Posted to user@spark.apache.org by Jonhy Stack <so...@gmail.com> on 2017/03/07 15:21:37 UTC
(python) Spark .textFile(s3://…) access denied 403 with valid credentials
In order to access my S3 bucket i have exported my creds
export AWS_SECRET_ACCESS_KEY=
export AWS_ACCESSS_ACCESS_KEY=
I can verify that everything works by doing
aws s3 ls mybucket
I can also verify with boto3 that it works in python
resource = boto3.resource("s3", region_name="us-east-1")
resource.Object("mybucket", "text/text.py") \
.put(Body=open("text.py", "rb"),ContentType="text/x-py")
This works and I can see the file in the bucket.
However when I do this with spark:
spark_context = SparkContext()
sql_context = SQLContext(spark_context)
spark_context.textFile("s3://mybucket/my/path/*)
I get a nice
> Caused by: org.jets3t.service.S3ServiceException: Service Error
> Message. -- ResponseCode: 403, ResponseStatus: Forbidden, XML Error
> Message: <?xml version="1.0"
> encoding="UTF-8"?><Error><Code>InvalidAccessKeyId</Code><Message>The
> AWS Access Key Id you provided does not exist in our
> records.</Message><AWSAccessKeyId>[MY_ACCESS_KEY]</AWSAccess
KeyId><RequestId>XXXXX</RequestId><HostId>xxxxxxx</HostId></Error>
this is how I submit the job locally
spark-submit --packages com.amazonaws:aws-java-sdk-pom
:1.11.98,org.apache.hadoop:hadoop-aws:2.7.3 test.py
Why does it works with command line + boto3 but spark is chocking ?
Re: (python) Spark .textFile(s3://…) access denied 403 with valid credentials
Posted by Amjad ALSHABANI <as...@gmail.com>.
Hi Jonhy,
What is the master you are using with spark-submit?
I ve had this problem before because Spark (different from CLI and boto3)

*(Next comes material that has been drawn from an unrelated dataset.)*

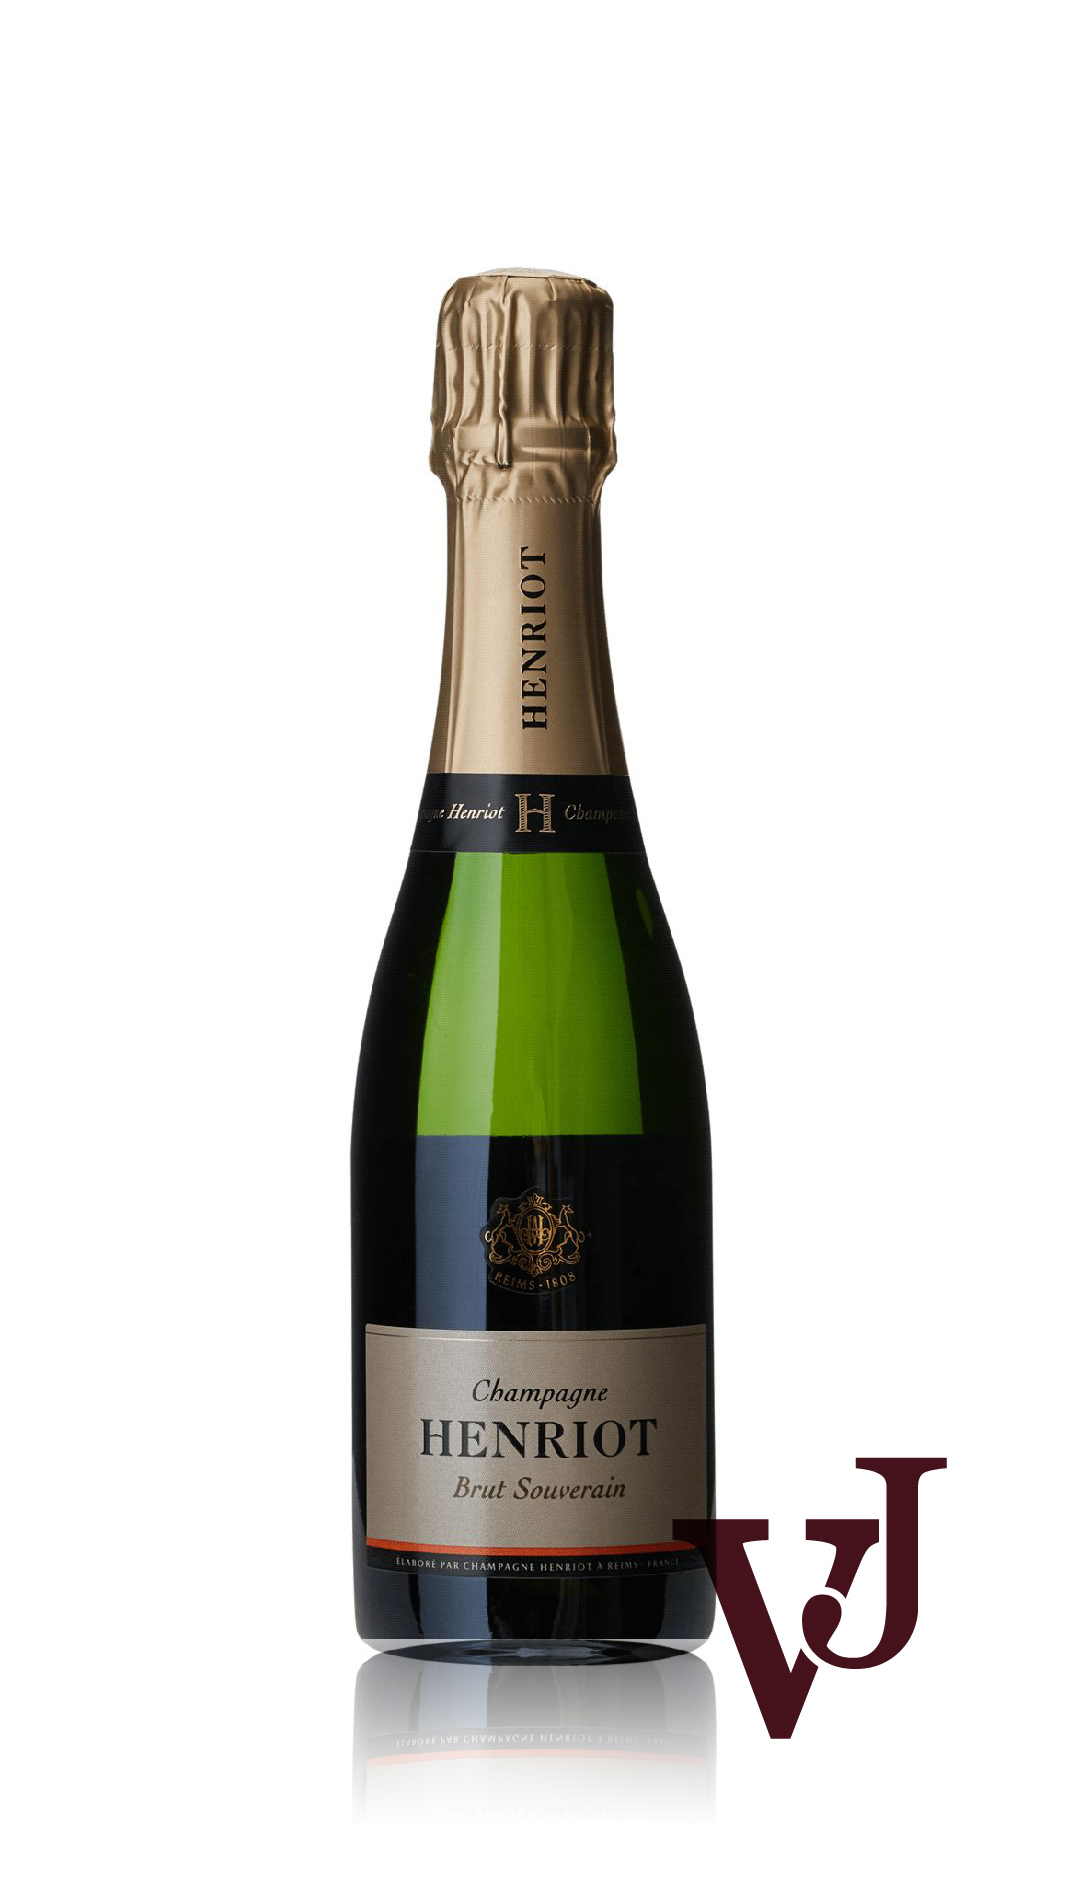 Mousserande Vin - Henriot artikel nummer 8146602 från producenten Champagne Henriot från området Frankrike

was running in Yarn distributed mode (--master yarn) So the keys were not
copied to all the executors' nodes so I have had to submit my spark job as
following:
$ spark-submit --master yarn-client --conf
"spark.executor.extraJavaOptions=-Daws.accessKeyId=ACCESSKEY
-Daws.secretKey=SECRETKEY"
....
I hope this will help
Amjad
On Tue, Mar 7, 2017 at 4:21 PM, Jonhy Stack <so...@gmail.com> wrote:
> In order to access my S3 bucket i have exported my creds
>
> export AWS_SECRET_ACCESS_KEY=
> export AWS_ACCESSS_ACCESS_KEY=
>
> I can verify that everything works by doing
>
> aws s3 ls mybucket
>
> I can also verify with boto3 that it works in python
>
> resource = boto3.resource("s3", region_name="us-east-1")
> resource.Object("mybucket", "text/text.py") \
> .put(Body=open("text.py", "rb"),ContentType="text/x-py")
>
> This works and I can see the file in the bucket.
>
> However when I do this with spark:
>
> spark_context = SparkContext()
> sql_context = SQLContext(spark_context)

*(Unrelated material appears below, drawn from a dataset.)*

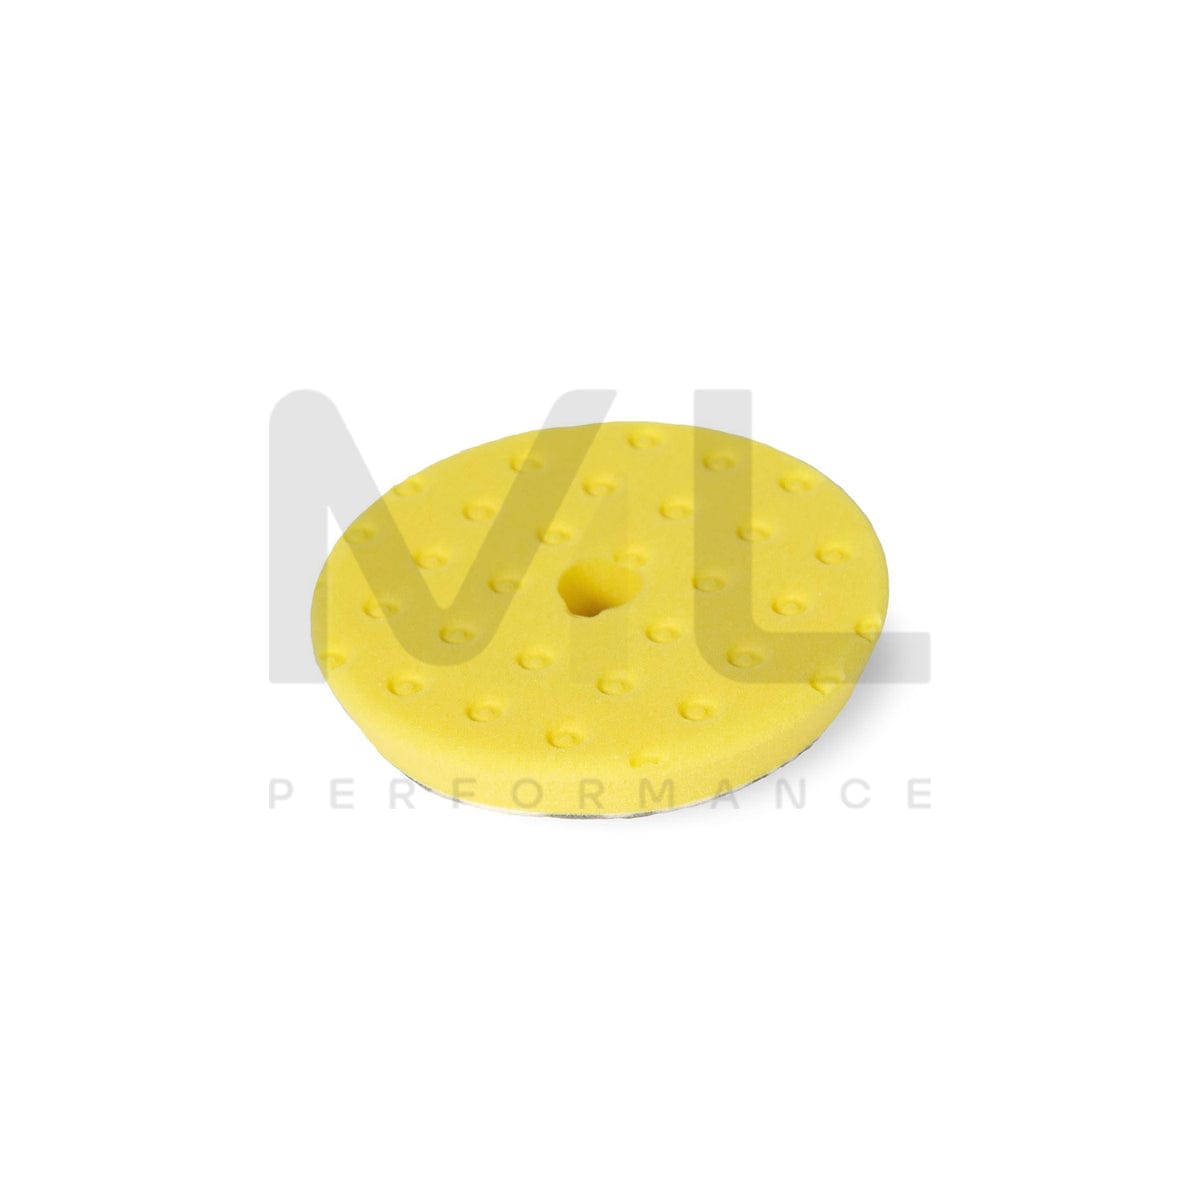 Turtle Wax Yellow Cutting Foam Pad Featuring Ccs Technology

> spark_context.textFile("s3://mybucket/my/path/*)
>
> I get a nice
>
> > Caused by: org.jets3t.service.S3ServiceException: Service Error
> > Message. -- ResponseCode: 403, ResponseStatus: Forbidden, XML Error
> > Message: <?xml version="1.0"
> > encoding="UTF-8"?><Error><Code>InvalidAccessKeyId</Code><Message>The
> > AWS Access Key Id you provided does not exist in our
> > records.</Message><AWSAccessKeyId>[MY_ACCESS_KEY]</AWSAccess
> KeyId><RequestId>XXXXX</RequestId><HostId>xxxxxxx</HostId></Error>
>
> this is how I submit the job locally
>
> spark-submit --packages com.amazonaws:aws-java-sdk-pom
> :1.11.98,org.apache.hadoop:hadoop-aws:2.7.3 test.py
>
> Why does it works with command line + boto3 but spark is chocking ?
>